While we're on the subject, does anyone use a trailer cover during the winter? Any suggestions for a BP cover?


----------



## kitten_Val (Apr 25, 2007)

mls said:


> I wash his and mine!


:rofl: mls, do you live any close to me?!


----------



## kitten_Val (Apr 25, 2007)

goneriding said:


> Streakmaster


Yep, that's what I got.

I don't know, folks. The only self-washing place is quite bad. I tried it couple times on my car and I wash it myself at home WAY better than I did in that place (the only time it's handy is when it's very cold and I have to rinse off the salt, then it's good enough). Plus I'm so slow that it takes me forever to clean. I may get in trouble with people waiting in line.


----------



## kitten_Val (Apr 25, 2007)

equiniphile said:


> While we're on the subject, does anyone use a trailer cover during the winter? Any suggestions for a BP cover?

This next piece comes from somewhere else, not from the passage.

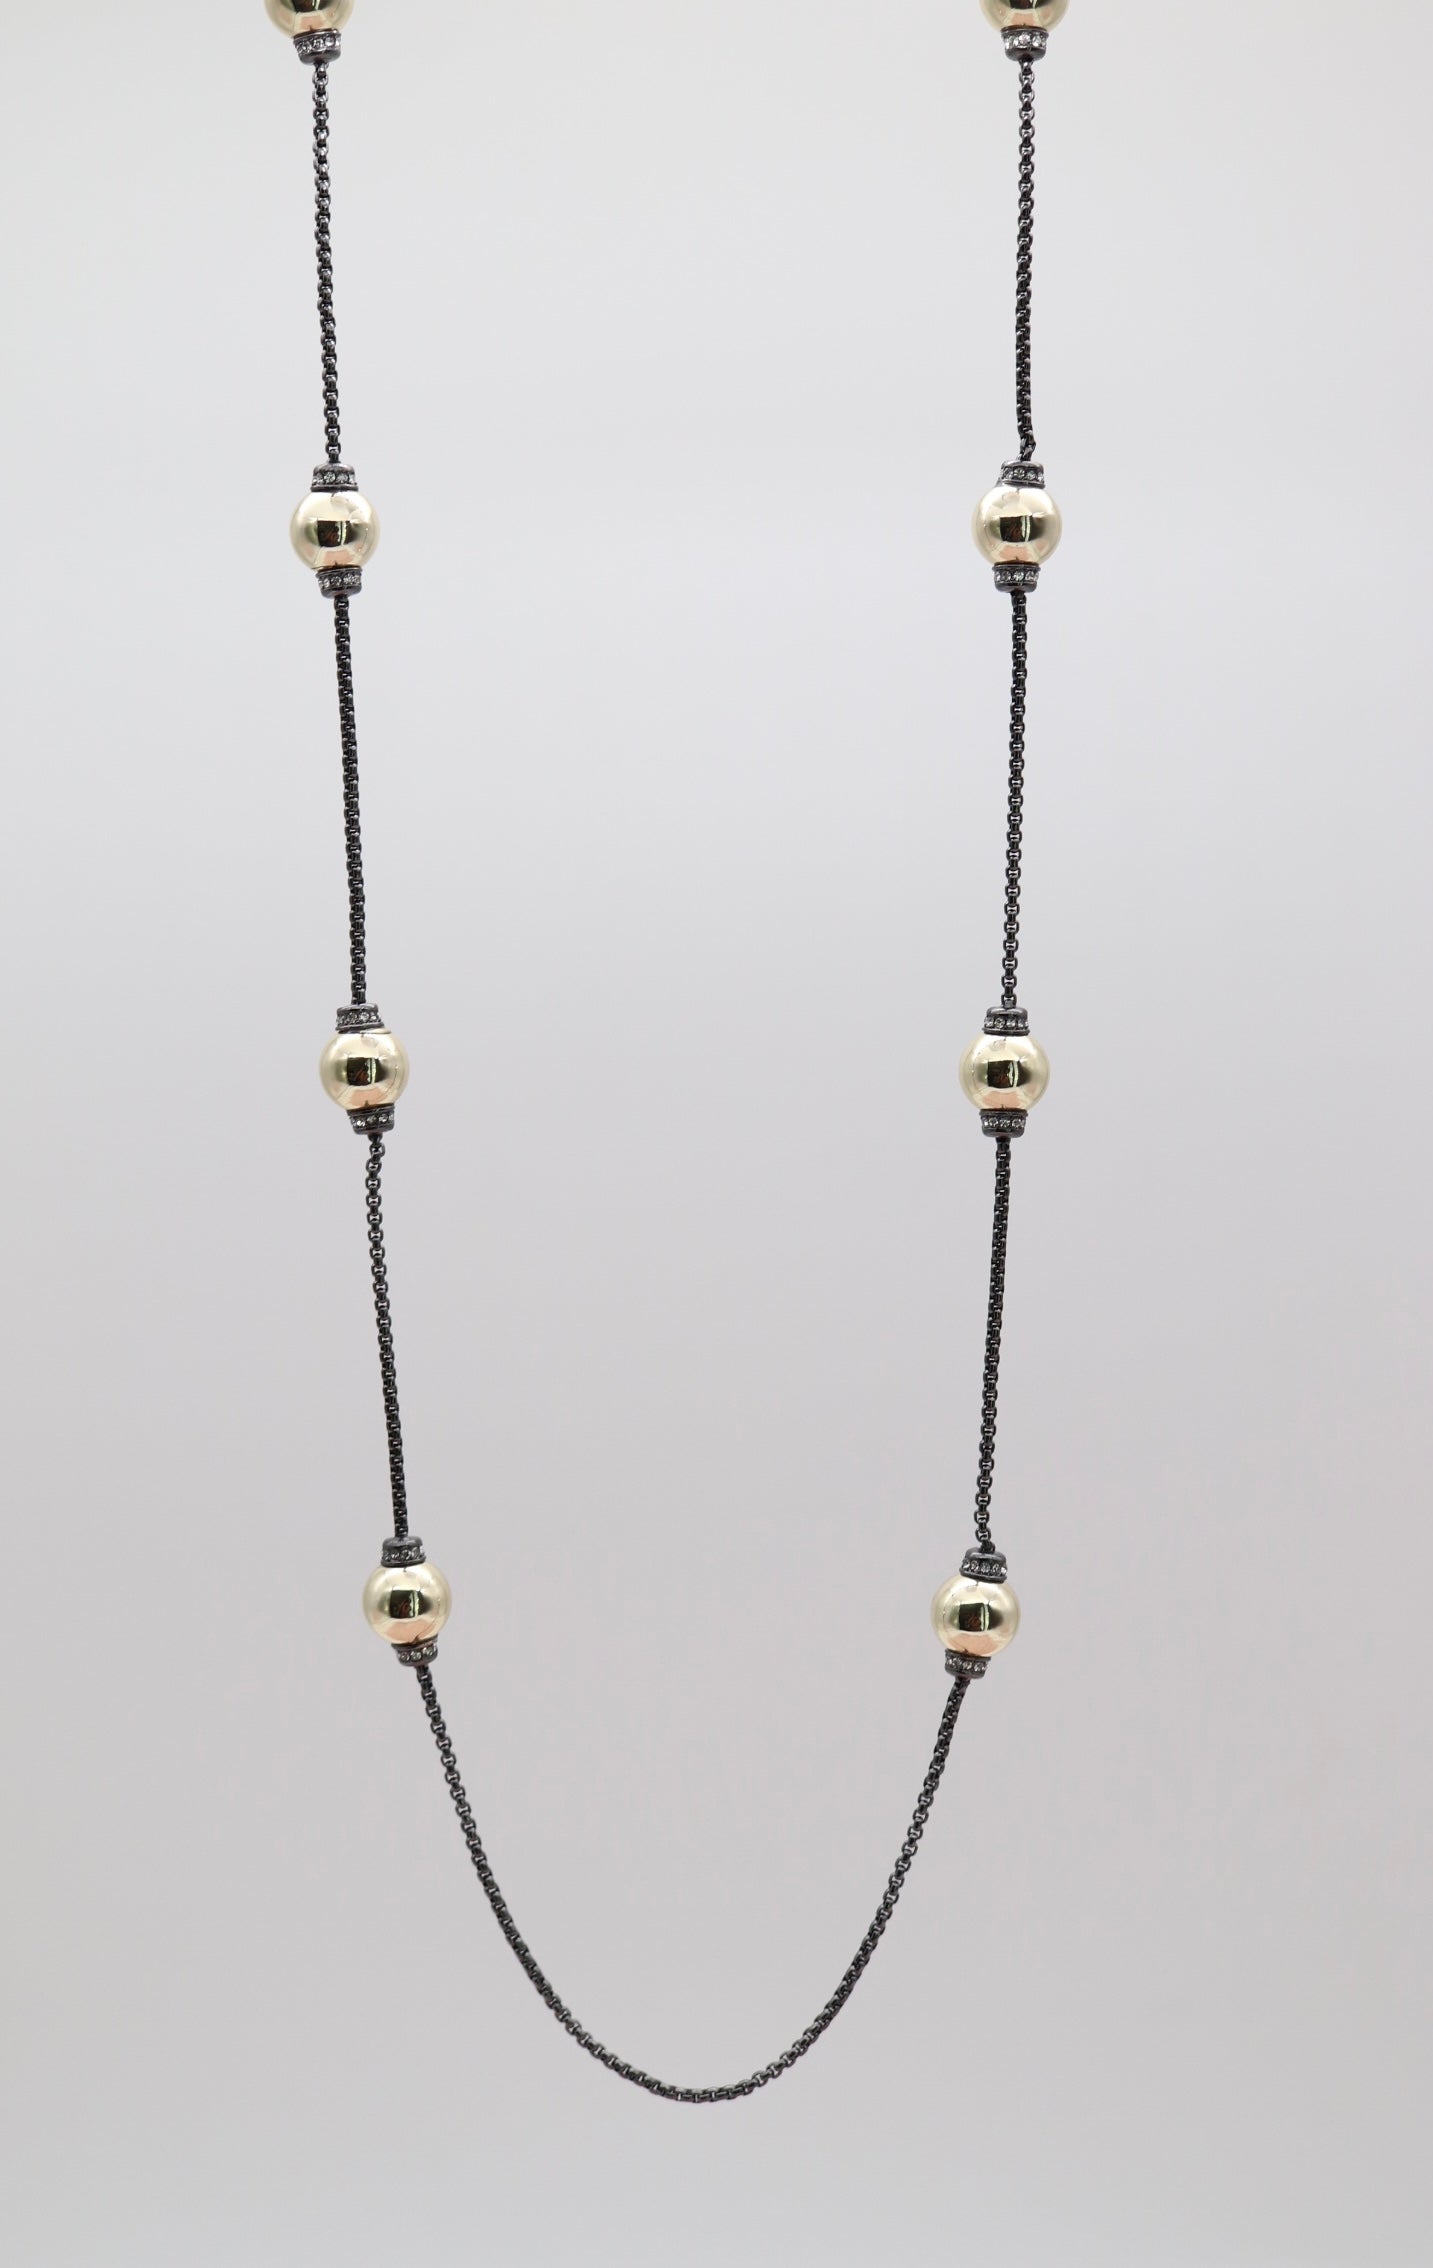 Long Black Necklace With Gold Ball Stations

I tried Beverly Bay cover. It was all ripped off first winter (wasn't sturdy enough). :-( I used it for couple winters and then had to throw it away. Last winter I got a huge tarp (that was also much cheaper than the cover) and covered the trailer with the tarp (it didn't go all way to the ground, but covered 2/3 of my (then) trailer).


----------



## equiniphile (Aug 16, 2009)

kitten_Val said:


> I tried Beverly Bay cover. It was all ripped off first winter (wasn't sturdy enough). :-( I used it for couple winters and then had to throw it away. Last winter I got a huge tarp (that was also much cheaper than the cover) and covered the trainer with the tarp (it didn't go all way to the ground, but covered 2/3 of my (then) trailer).


 I might try the one from Dover...not too pricey (under $100 for a 10-12ft), and most of Dover's stuff is quality.


----------